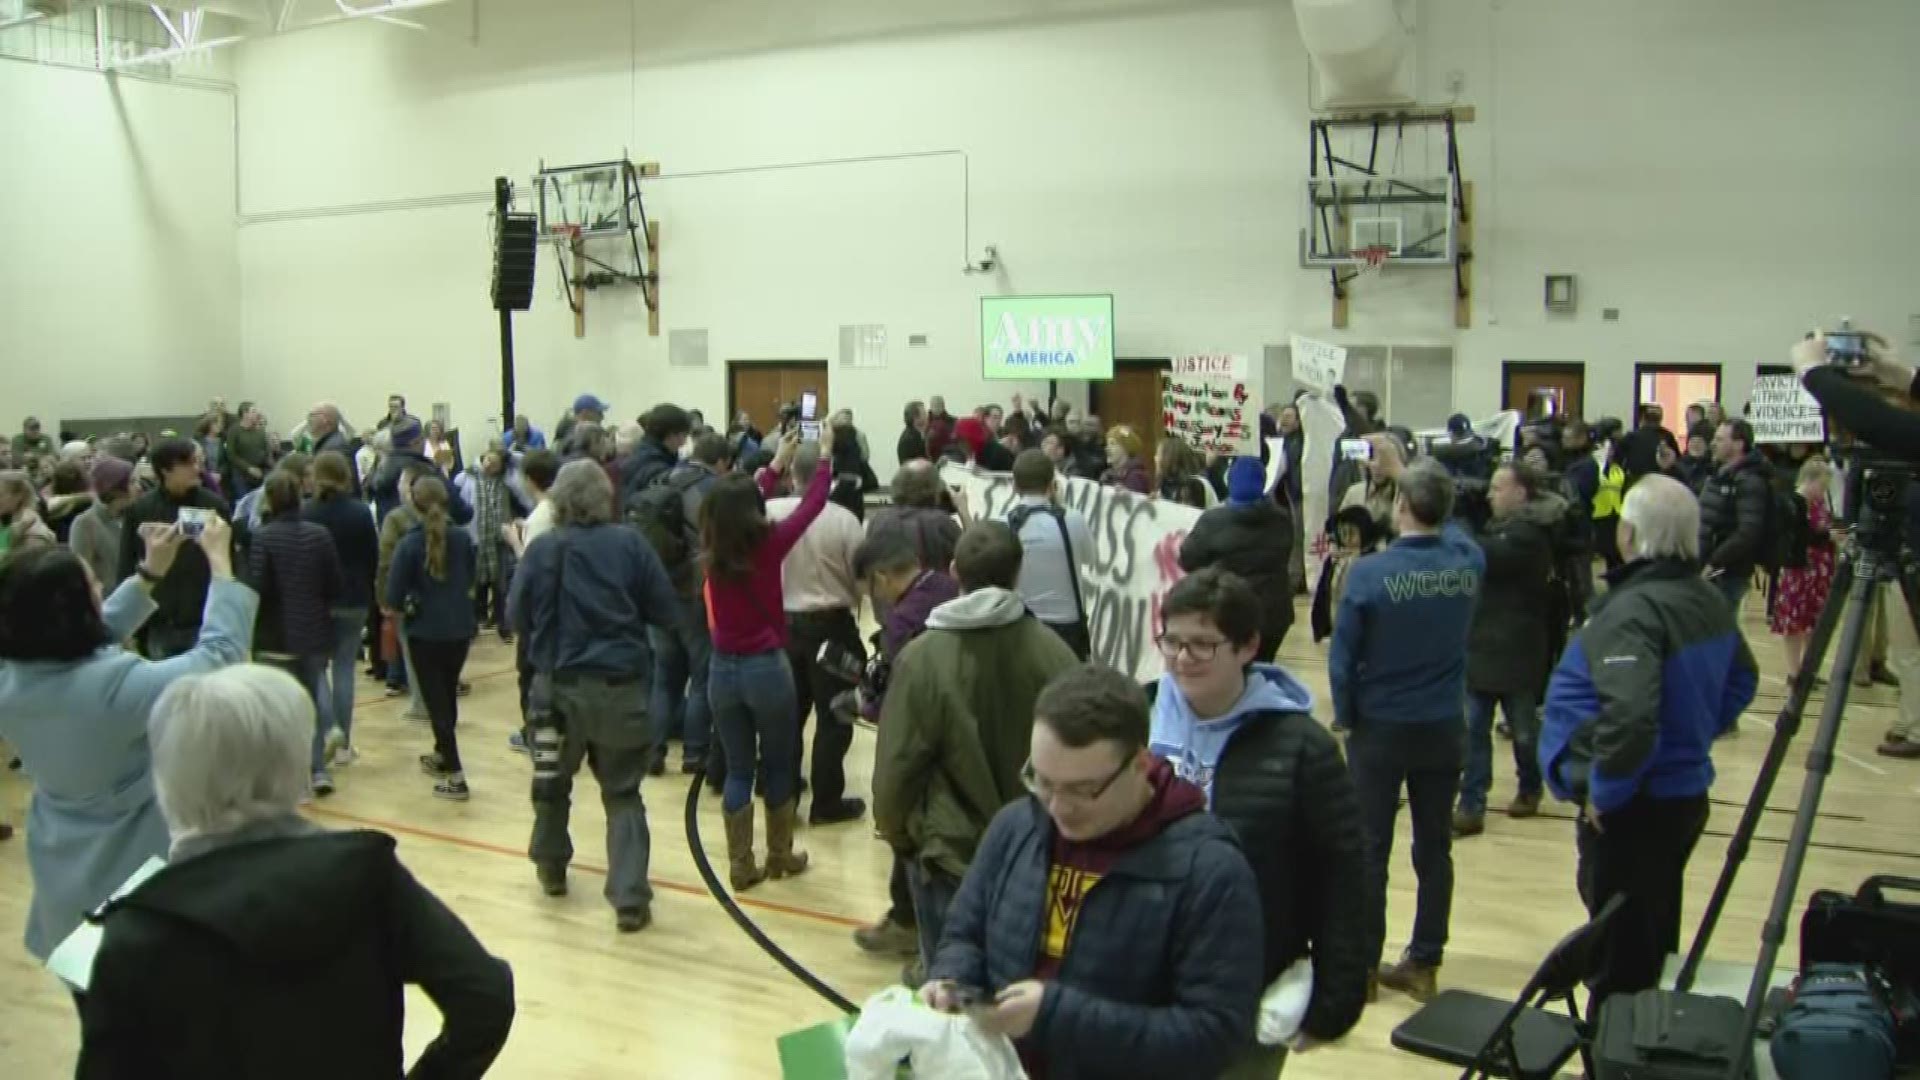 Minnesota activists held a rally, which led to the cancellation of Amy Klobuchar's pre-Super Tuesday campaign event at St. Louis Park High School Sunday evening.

--

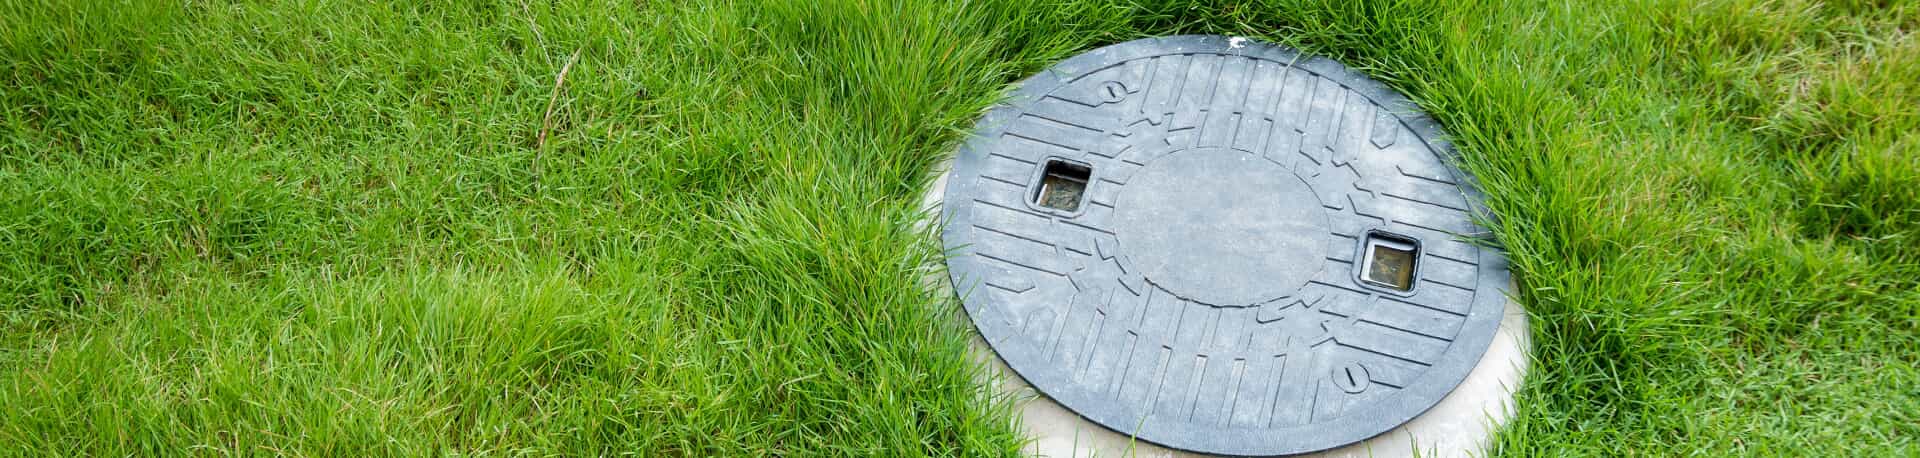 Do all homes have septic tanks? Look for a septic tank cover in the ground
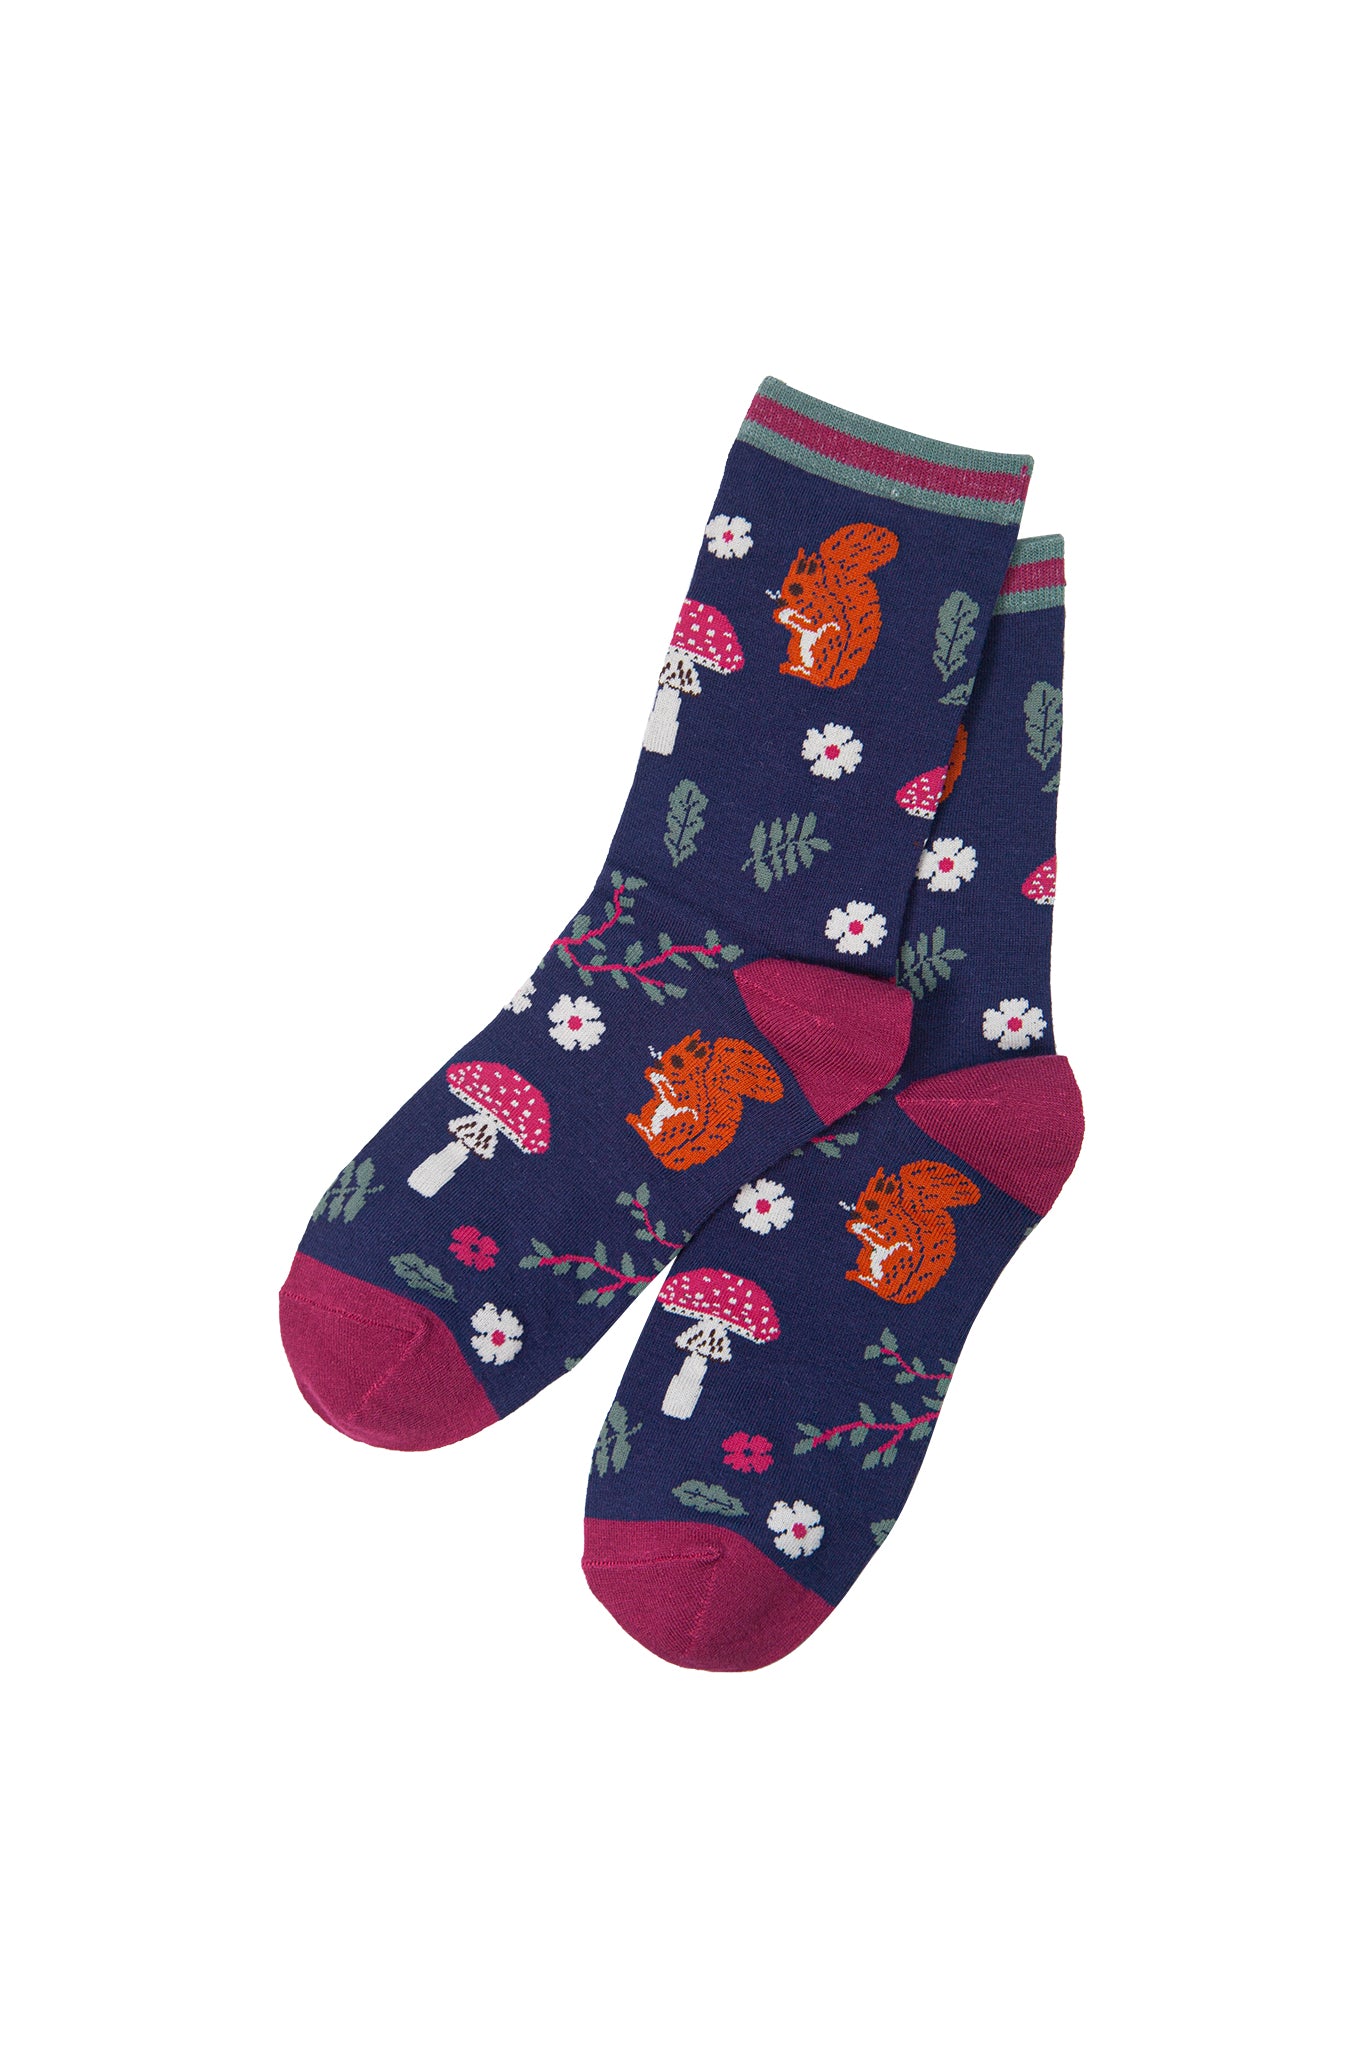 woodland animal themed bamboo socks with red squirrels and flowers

▶ _Activity_: The material above holds pictures; leave them out. Repeat exactly the lines from the one containing "Do all homes" through the one containing "woodland animal themed", and nothing else.

▶ _Result_:
 Do all homes have septic tanks? Look for a septic tank cover in the ground
 woodland animal themed bamboo socks with red squirrels and flowers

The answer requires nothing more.